===== Data provided =====

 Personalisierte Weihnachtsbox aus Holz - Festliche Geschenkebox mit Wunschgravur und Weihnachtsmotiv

=====
===== Data provided =====

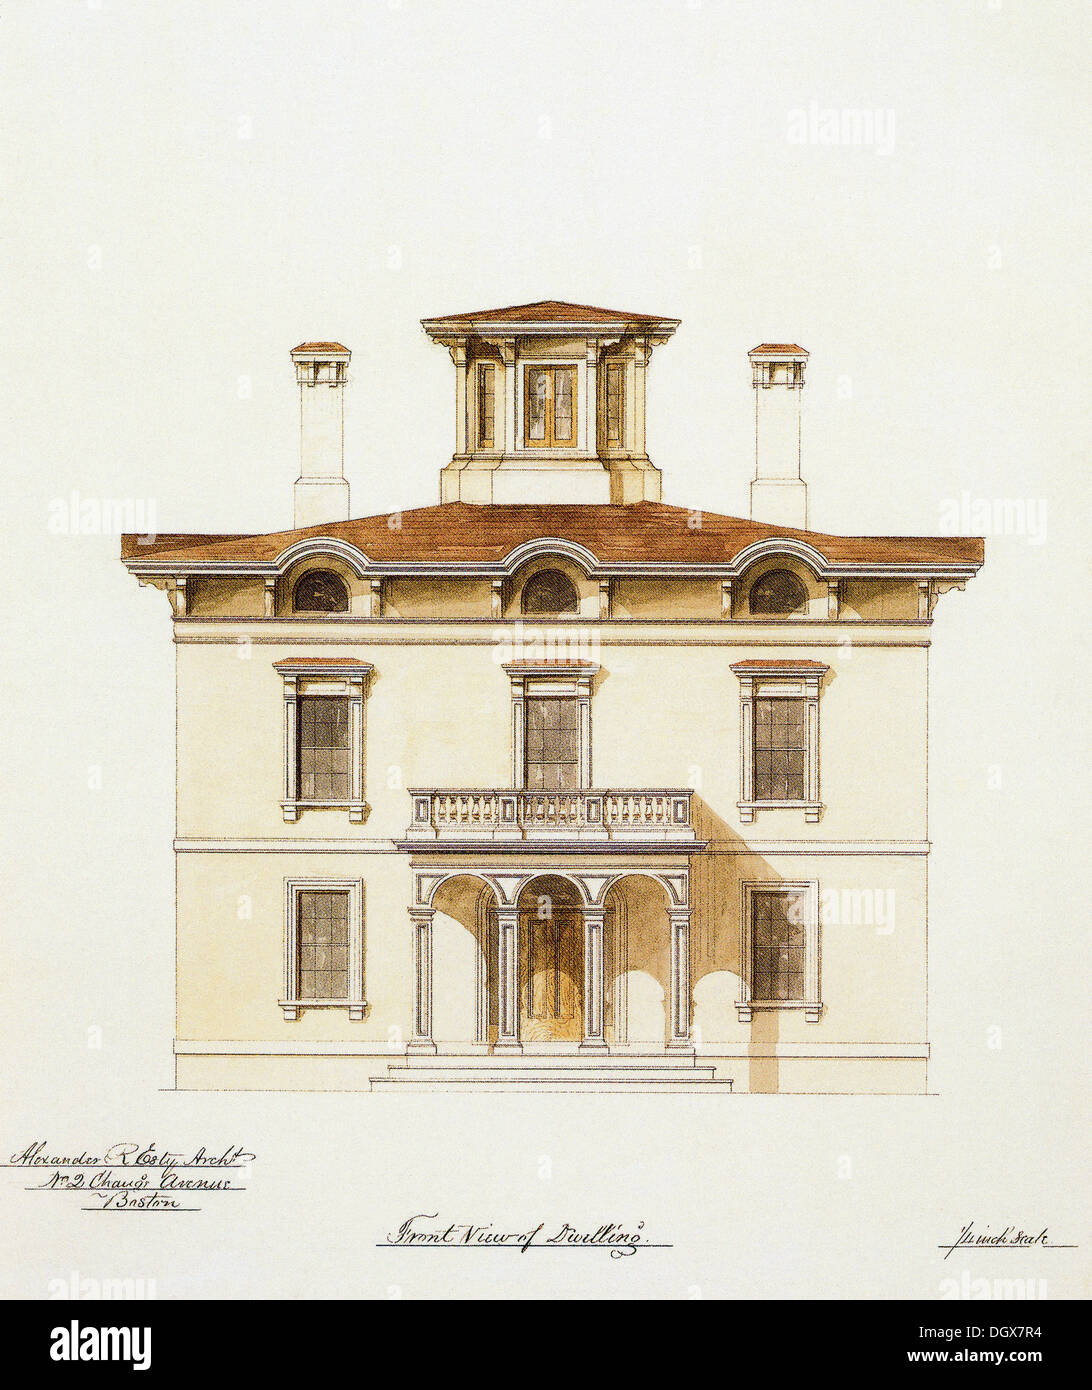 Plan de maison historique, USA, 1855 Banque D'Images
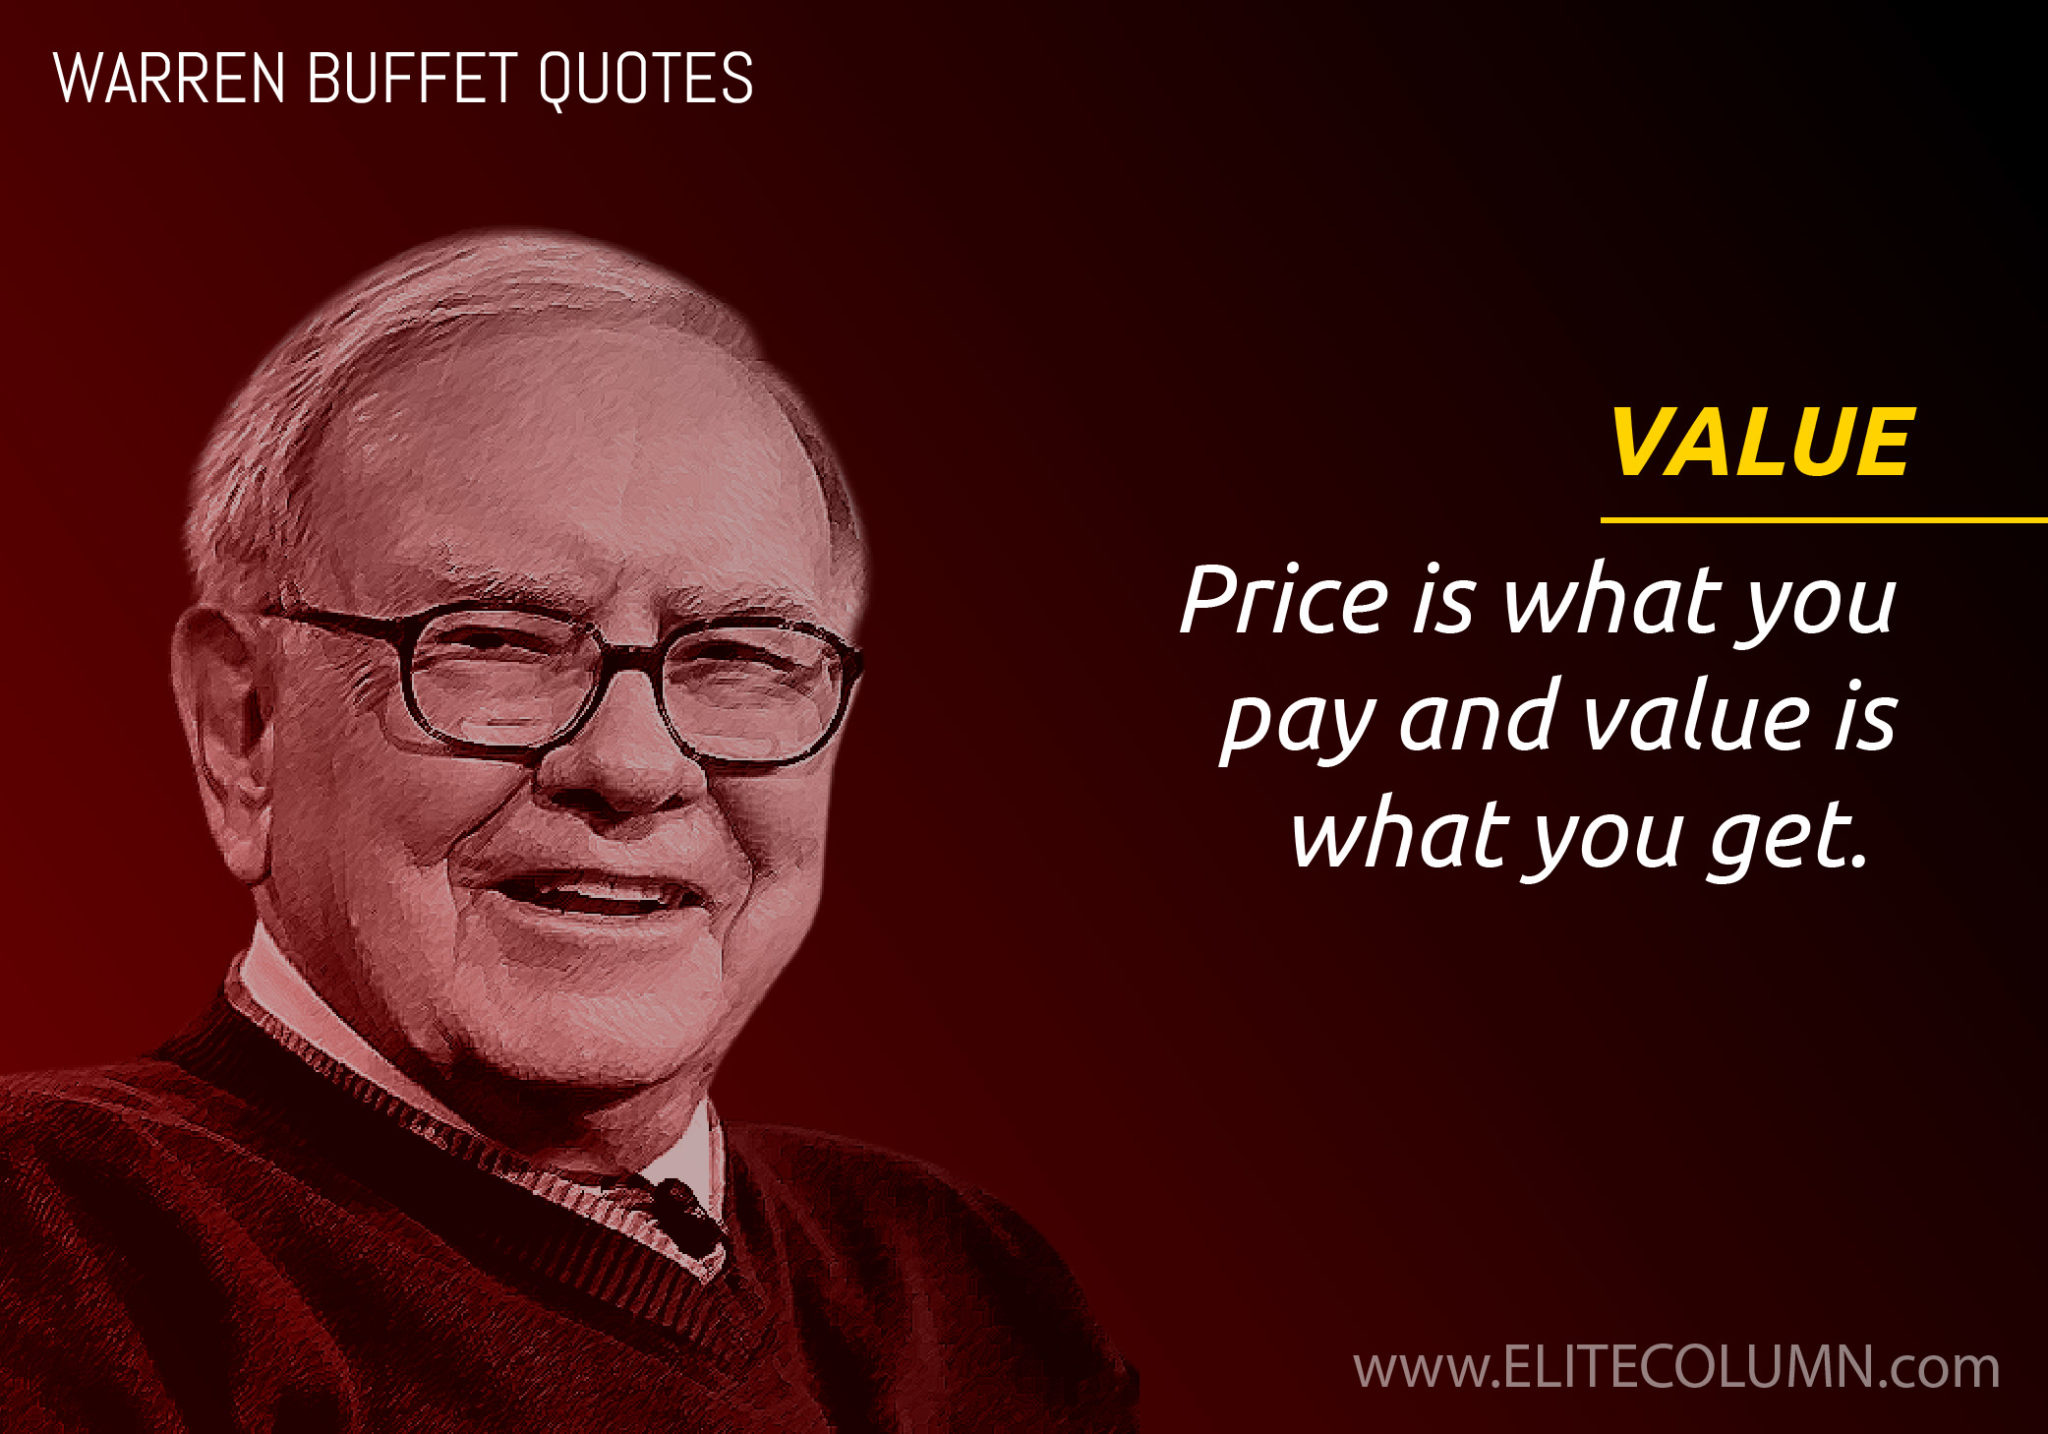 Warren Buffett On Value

=====

● **Required work**
Within the data above, repeat exactly the lines from the one bearing "Plan de maison" through the one bearing "Warren Buffett On Value". Include no pictures and nothing else.

● **Output of the exercise**
 Plan de maison historique, USA, 1855 Banque D'Images
 Warren Buffett On Value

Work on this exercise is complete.